BACKGROUND: Ultraviolet (UV)-induced reactive oxygen species (ROS) production, DNA damage, and chronic inflammation lead to skin aging and cancers. Ginkgetin (GK), a biflavonoid derived from Ginkgo biloba, has known anti-inflammatory and antioxidant activities, but its anti-photoaging effect remains unclear.
OBJECTIVE: This study aimed to determine whether GK could alleviate UV-induced photoaging by reducing oxidative stress and promoting DNA repair.

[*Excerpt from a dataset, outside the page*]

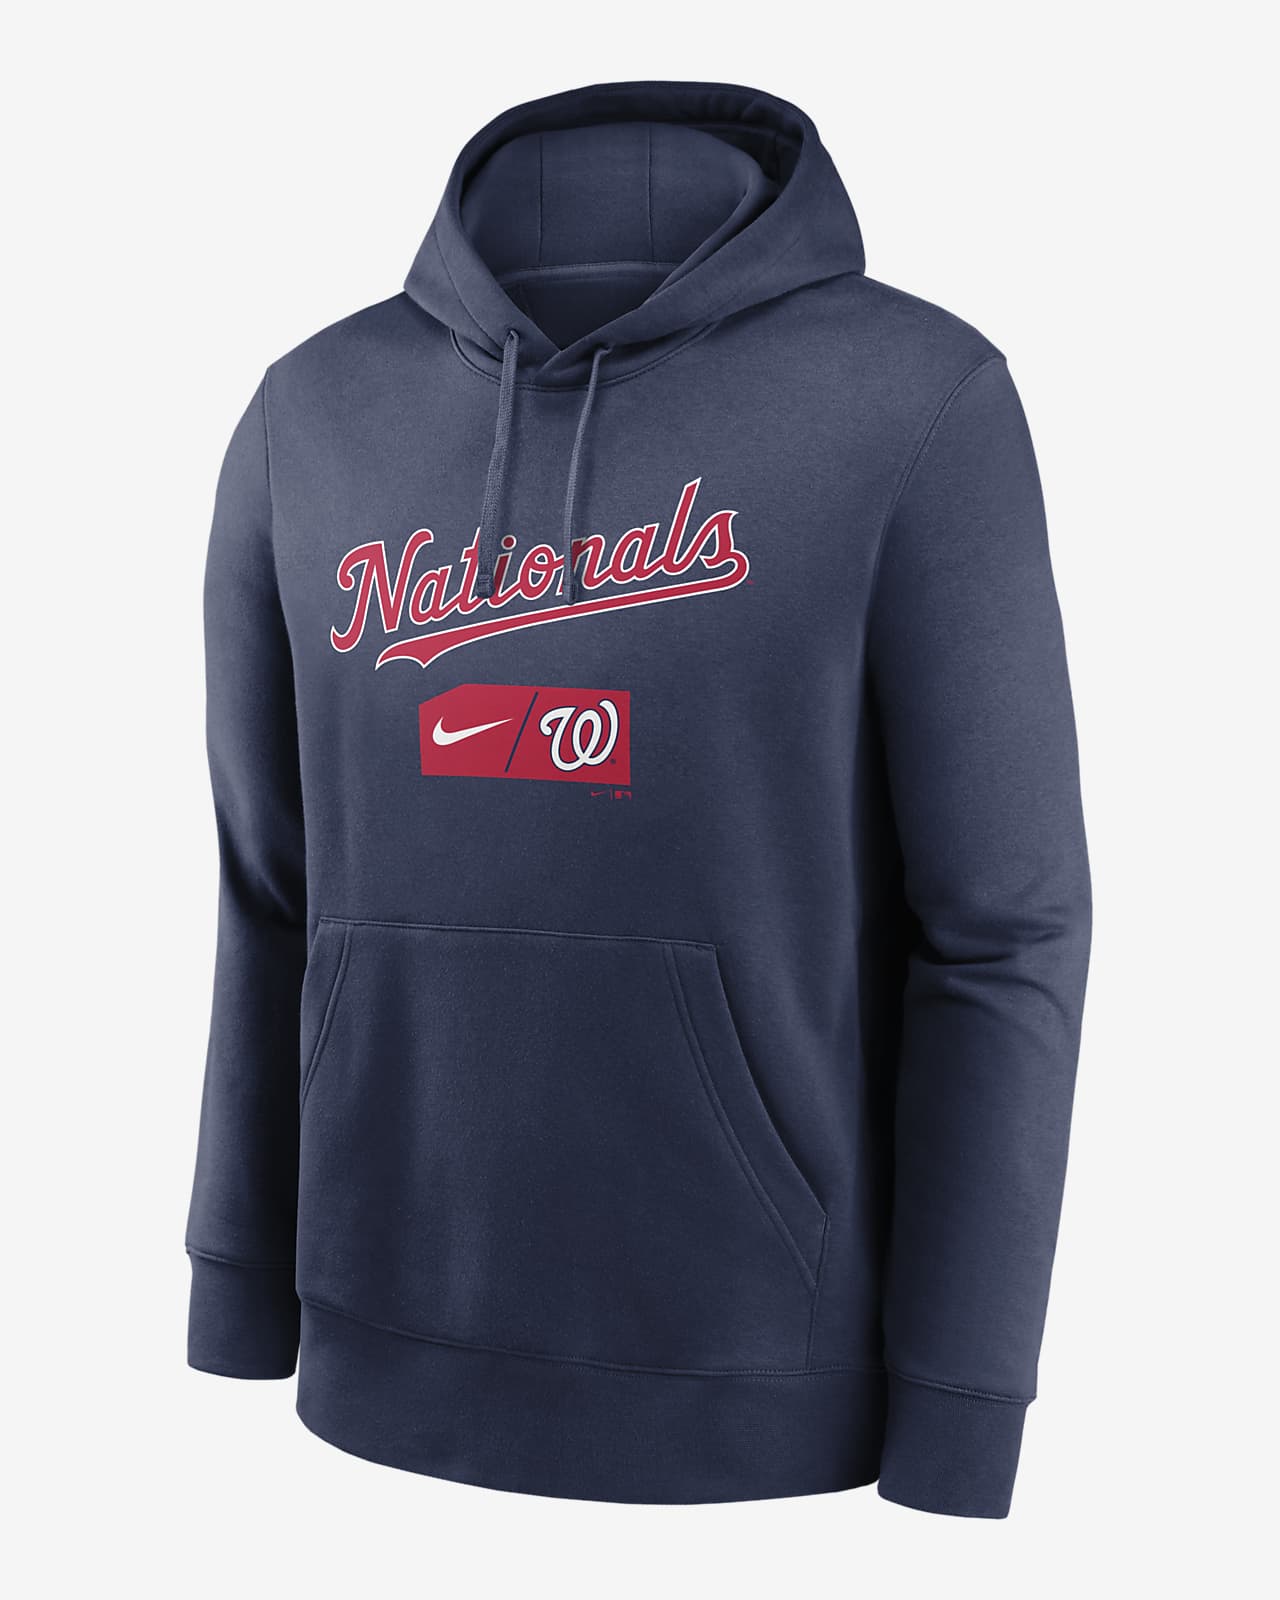 washington nationals nike hoodie

METHODS: The efficacy of microneedle-assisted topical GK was evaluated in a UV-induced SKH-1 mouse model of photoaging using dermoscopy and histopathological analysis. We conducted transcriptomic profiling and network pharmacology to identify the underlying mechanism. In UV-irradiated human dermal fibroblasts (HDFs), cellular senescence markers were assessed by SA-β-gal staining and Western blotting. Intracellular ROS levels and mitochondrial membrane potential were measured using DCFH-DA and JC-1 staining, respectively. Apoptosis, cell cycle progression, and senescence-associated secretory phenotype (SASP)-related cytokine expression were analyzed by flow cytometry, Western blotting, RT-qPCR, and ELISA. DNA damage and repair in UV-irradiated HaCaT cells were evaluated by comet assay and γ-H2AX immunofluorescence. Homologous recombination repair (HRR)-related proteins and RAD51 foci formation were analyzed by Western blotting and confocal microscopy, respectively. Functional validation was performed using the AKT inhibitor MK2206 and the HRR inhibitor B02.

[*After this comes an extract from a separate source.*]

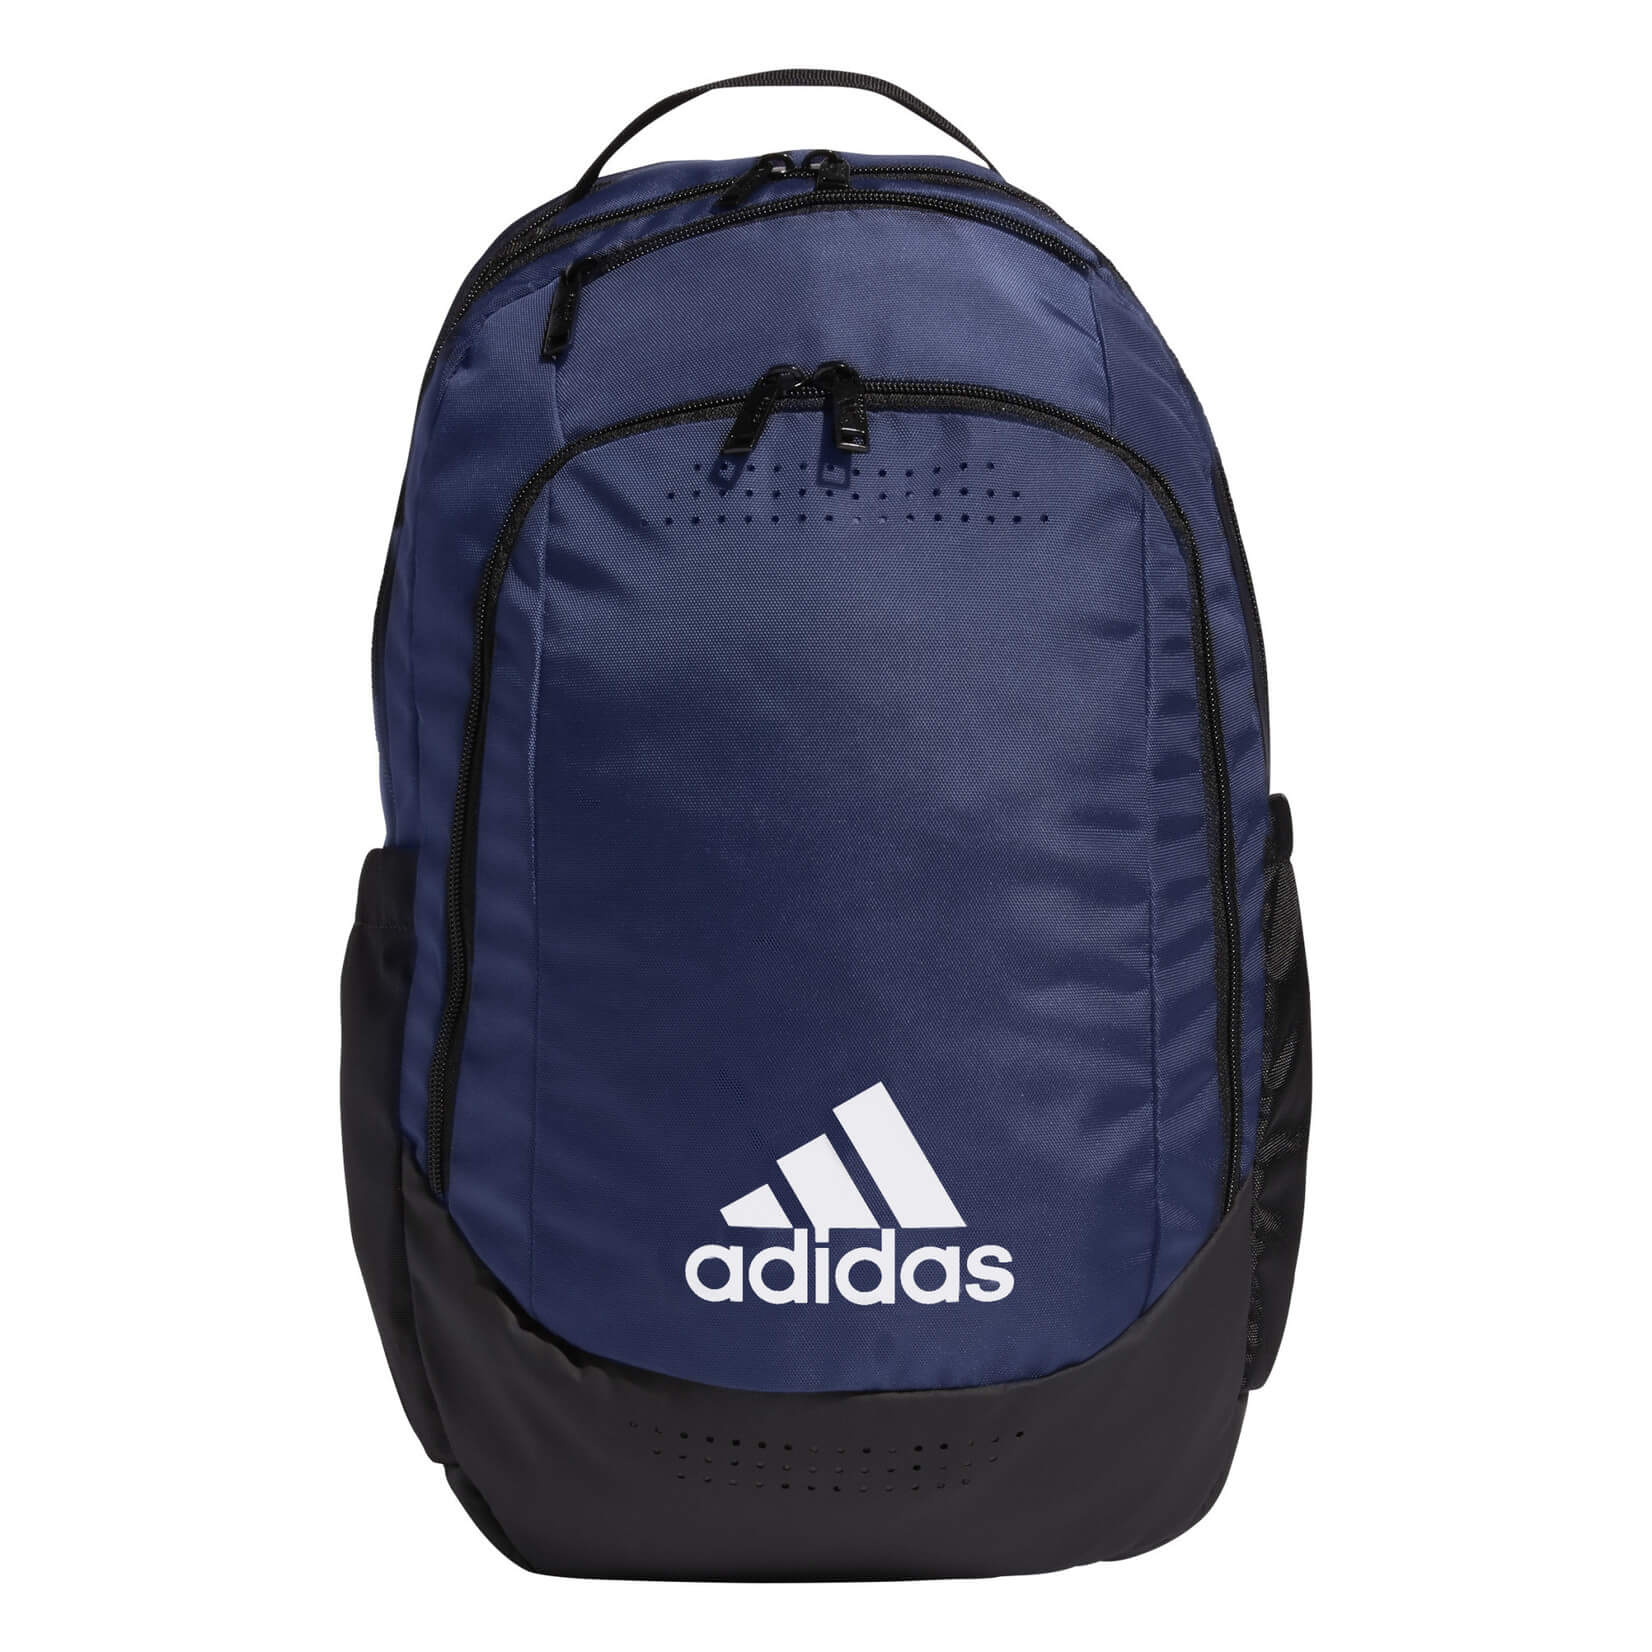 adidas Defender Backpack Team Navy Blue

RESULTS: GK significantly reduced wrinkle formation, epidermal hyperplasia, and collagen loss in UV-induced mice. It decreased ROS levels, restored mitochondrial potential, reduced senescence markers, suppressed SASP cytokines and MMP1/2 expression, promoted cell cycle progression, and inhibited apoptosis by regulating the BCL2/BAX ratio. Importantly, GK enhanced DNA repair by promoting HRR, as directly demonstrated by the upregulation of key HRR proteins (BRCA2, RAD51) and the acceleration of RAD51 foci formation. Critically, these DNA repair-enhancing effects were abolished by inhibition of either AKT or HRR, demonstrating that the AKT-HRR axis is indispensable for GK's repair-promoting function.
CONCLUSION: GK may serve as a potential therapeutic candidate for UV-induced photoaging by virtue of its dual capacity to scavenge ROS and enhance AKT-mediated DNA repair.